Using Gradient Boosting (LightGBM)

LightGBM is a gradient boosting framework that uses tree based learning algorithms.

Documentation: https://lightgbm.readthedocs.io/en/latest/Python-Intro.html

# Function to perform all training steps for LGBM
def train_lgbm_model(X_train, Y_train, X_test):

    # Variables that save the probabilities of each class 
    predicted = np.zeros((X_test.shape[0],9))
    measured= np.zeros((X_train.shape[0],9))

    # Create a dictionary that saves the model create in each fold
    models = {}

    # Used to compute model accuracy
    all_scores = 0

    # Use Stratified ShuffleSplit cross-validator
    # Provides train/test indices to split data in train/test sets.
    n_folds = 5
    sss = StratifiedShuffleSplit(n_splits=n_folds, test_size=0.30, random_state=10)

    # Control the number of folds in cross-validation (5 folds)
    k=1

    # From the generator object gets index for series to use in train and validation
    for train_index, valid_index in sss.split(X_train, Y_train):

        # Saves the split train/validation combinations for each Cross-Validation fold
        X_train_cv, X_validation_cv = X_train.loc[train_index,:], X_train.loc[valid_index,:]
        Y_train_cv, Y_validation_cv = Y_train[train_index], Y_train[valid_index]

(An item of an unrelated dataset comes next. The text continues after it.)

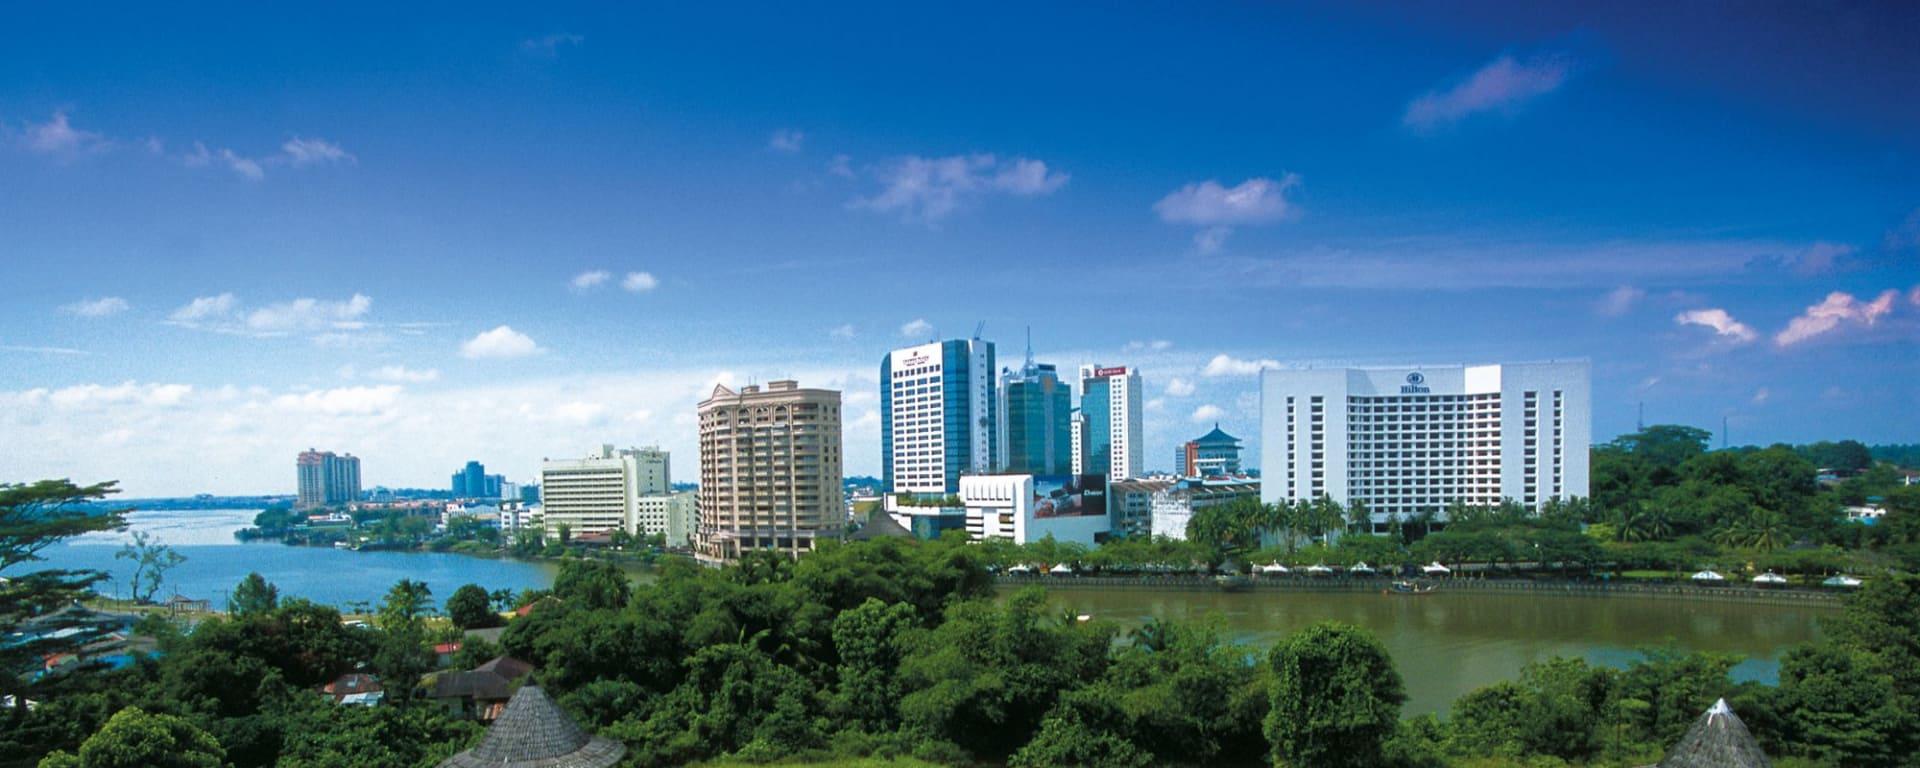 Tour de ville de Kuching: Kuching: Capital of Sarawak

        # Create the model
        lgbm = lgb.LGBMClassifier(objective='multiclass', is_unbalance=True, max_depth=10,
                               learning_rate=0.05, n_estimators=500, num_leaves=30)

        # Training the model
        # eval gets the tuple pairs to use as validation sets
        lgbm.fit(X_train_cv, Y_train_cv,
            eval_set=[(X_train_cv, Y_train_cv), (X_validation_cv, Y_validation_cv)],
            early_stopping_rounds=60, # stops if 60 consequent rounds without decrease of error
            verbose=False, eval_metric='multi_error')

        # Get the class probabilities of the input samples
        # Save the probabilities for submission
        y_pred = lgbm.predict_proba(X_test)
        predicted += y_pred

        # Save the probabilities of validation
        measured[valid_index] = lgbm.predict_proba(X_validation_cv)

        # Cumulative sum of the score
        score = lgbm.score(X_validation_cv,Y_validation_cv)
        all_scores += score

        print("Fold: {} - LGBM Score: {}".format(k, score))

        # Saving the model
        models[k] = lgbm
        k += 1

    # Compute the mean probability
    predicted /= n_folds
    # Save the mean score value
    mean_score = all_scores/n_folds
    # Save the first trained model
    trained_model = models[1]


    return measured, predicted, mean_score, trained_model

# Models is a dict that saves the model create in each fold in cross-validation
measured_lgb, predicted_lgb, accuracy_lgb, model_lgb = train_lgbm_model(X_train, Y_train_encoded, X_test)
print(f"\nMean accuracy for LGBM: {accuracy_lgb}")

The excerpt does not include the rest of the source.